Quote all entries exactly, leaving pictures aside.
⁂
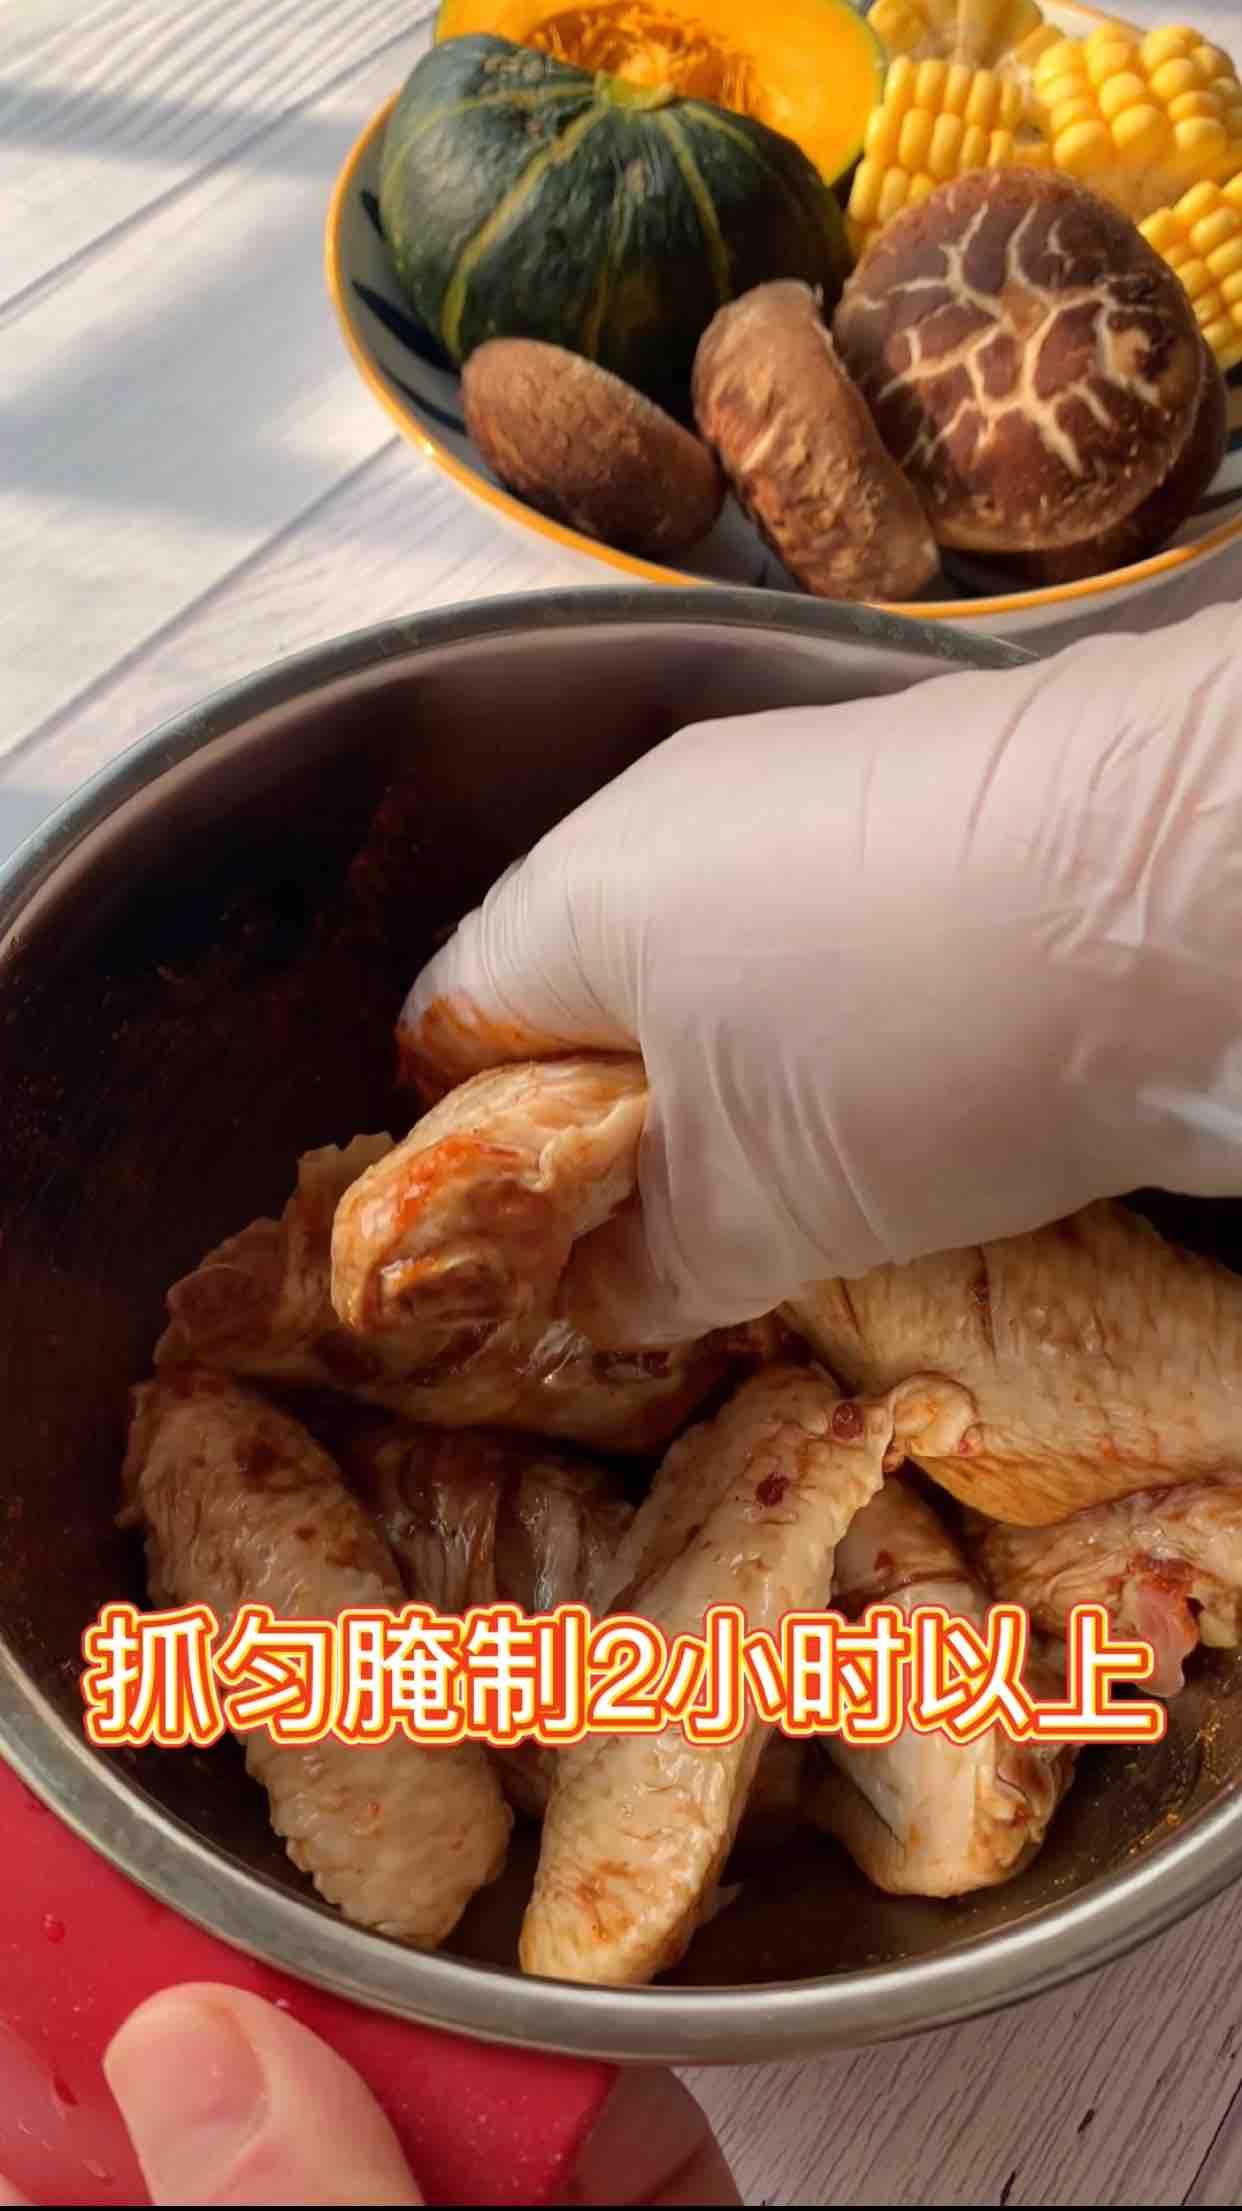 巨好吃香辣烤鸡翅,超简单的步骤
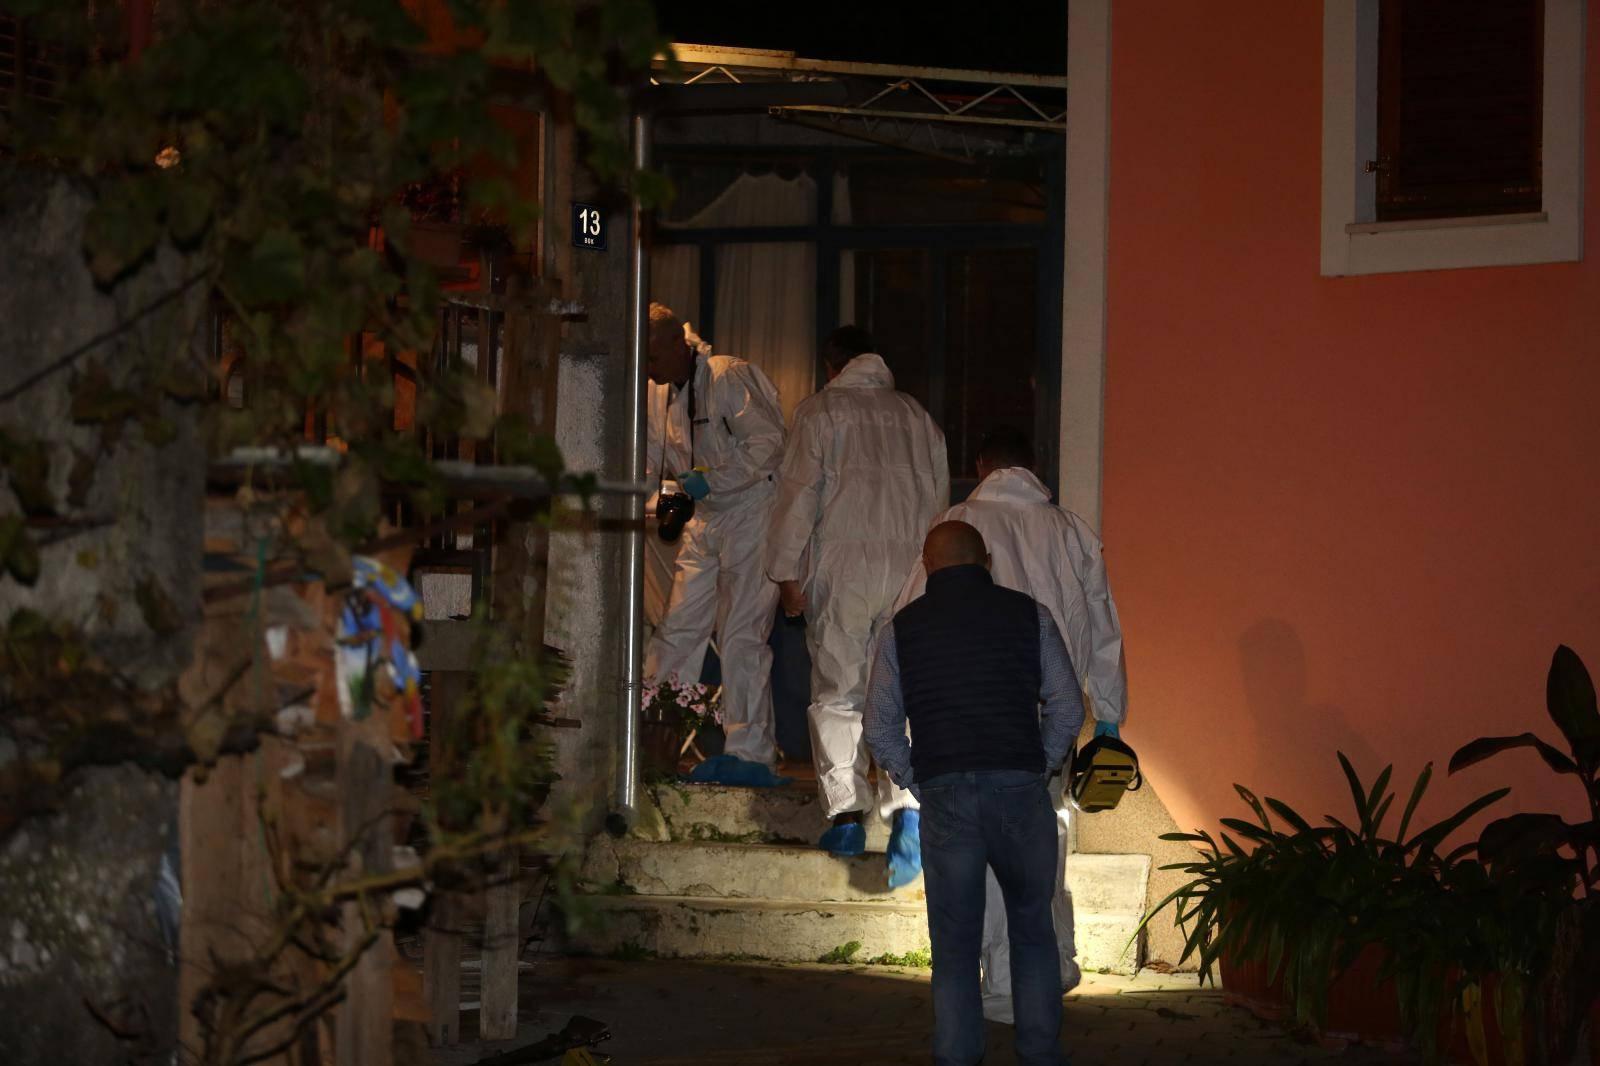 Mrtvo tijelo ženske osobe pronađeno u kući  u mjestu Čavle
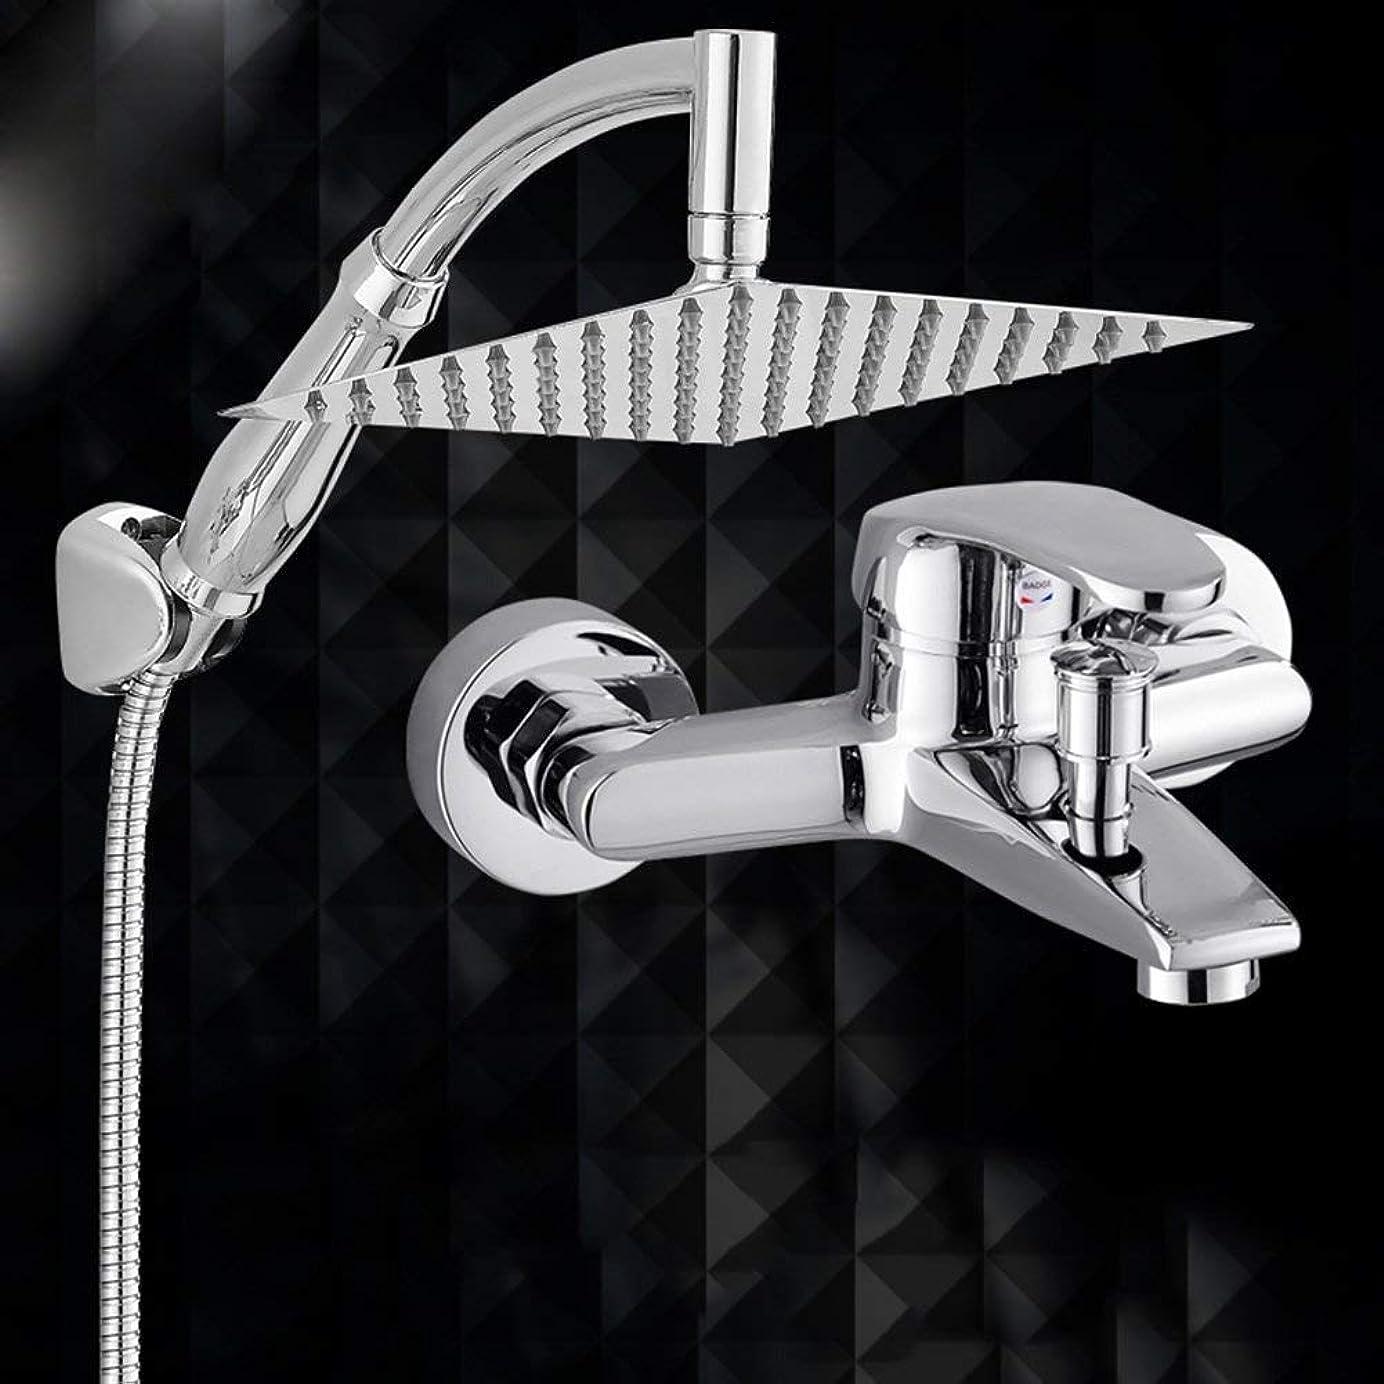 打撃わがまま抽象化実用的なハンドシャワー シャワーを浴びるシャワー浴室を浴びる加圧シャワーヘッドシャワーヘッドノズル加圧レインシャワーハンドヘルドバスシャワーヘッドステンレス鋼と銅材料 (Color : 3)
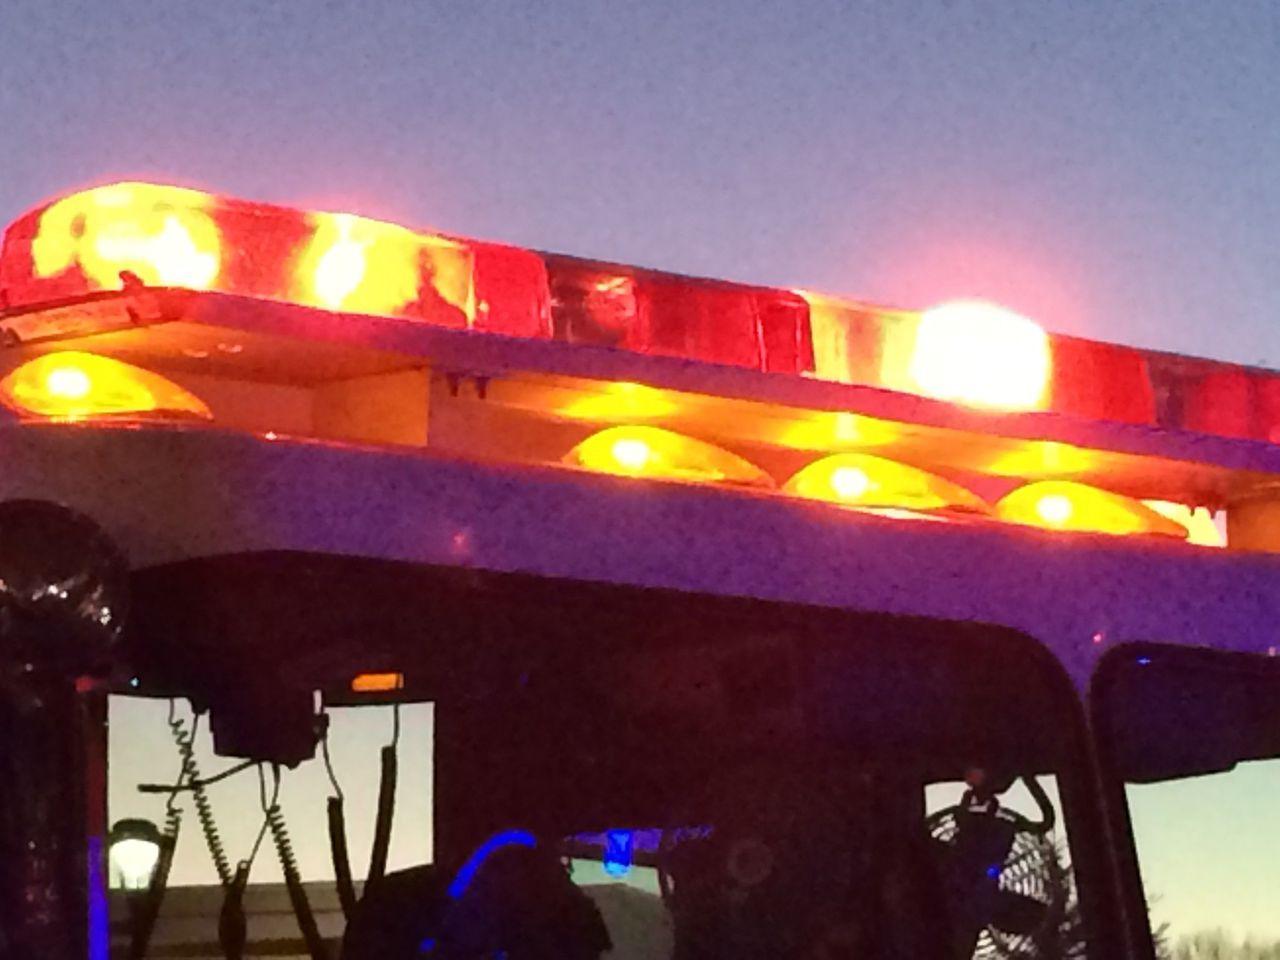 اشتعال النيران في ملجأ مؤقت ومقتل شخص عمره 27 عاماً في بورتلاند !
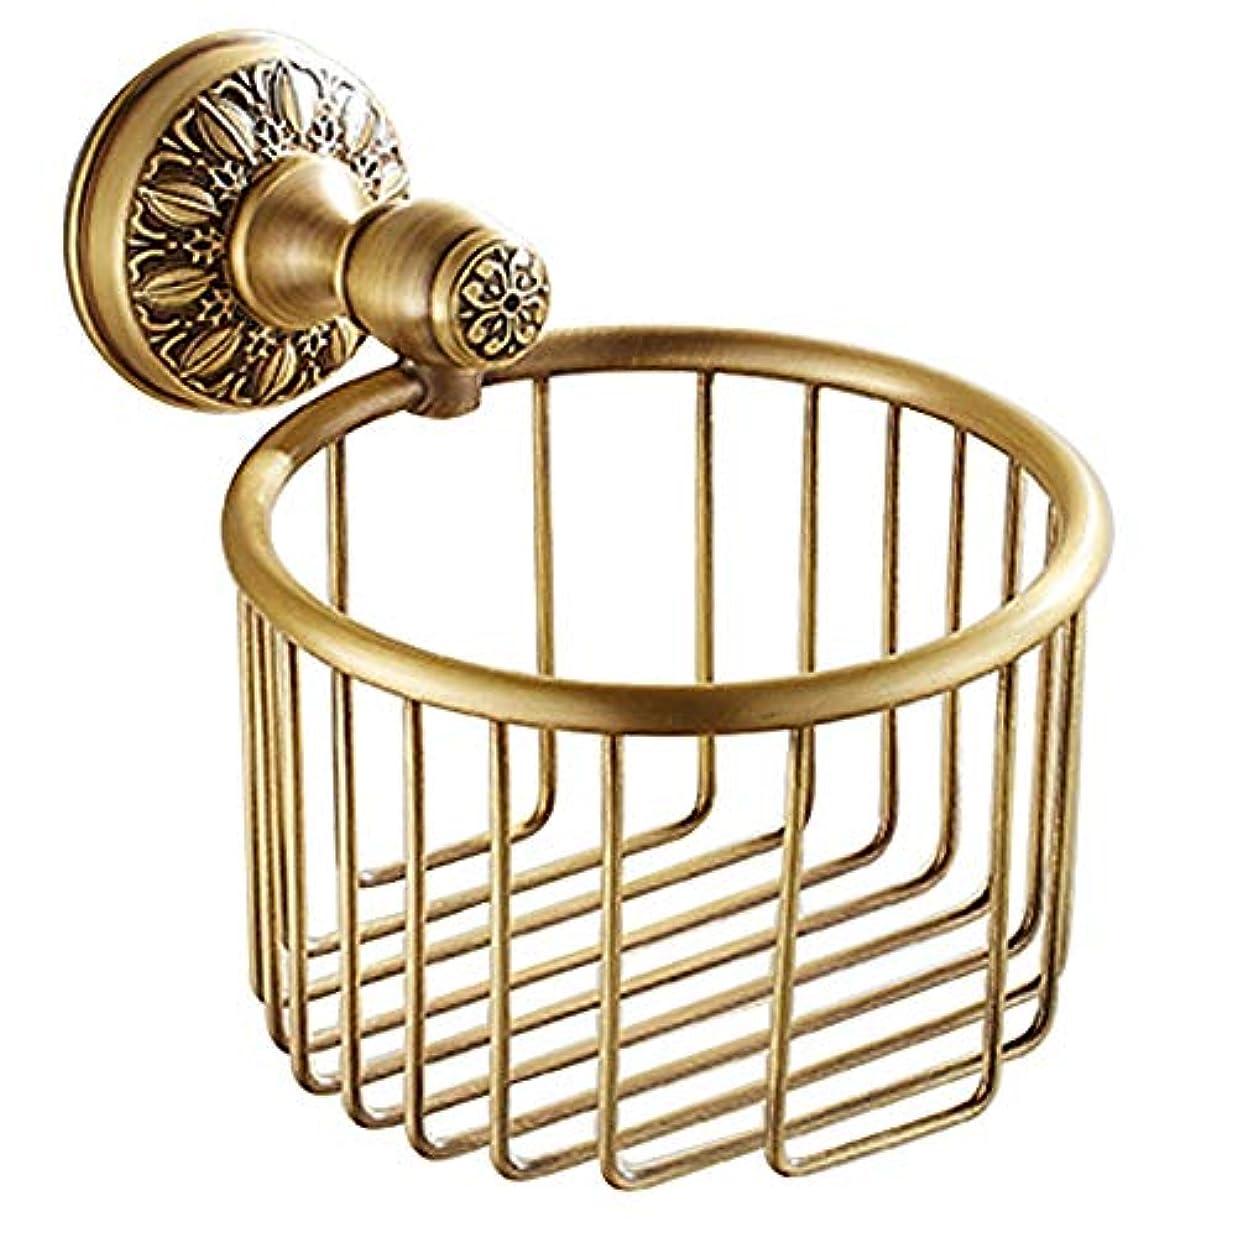 アルプスレンダー抜粋ZZLX 紙タオルホルダー、ヨーロッパスタイルのフル銅模倣アンティークバスルームトイレットペーパータオルホルダー ロングハンドル風呂ブラシ
⁂
**Answer to this problem**
 巨好吃香辣烤鸡翅,超简单的步骤
 Mrtvo tijelo ženske osobe pronađeno u kući  u mjestu Čavle
 打撃わがまま抽象化実用的なハンドシャワー シャワーを浴びるシャワー浴室を浴びる加圧シャワーヘッドシャワーヘッドノズル加圧レインシャワーハンドヘルドバスシャワーヘッドステンレス鋼と銅材料 (Color : 3)
 اشتعال النيران في ملجأ مؤقت ومقتل شخص عمره 27 عاماً في بورتلاند !
 アルプスレンダー抜粋ZZLX 紙タオルホルダー、ヨーロッパスタイルのフル銅模倣アンティークバスルームトイレットペーパータオルホルダー ロングハンドル風呂ブラシ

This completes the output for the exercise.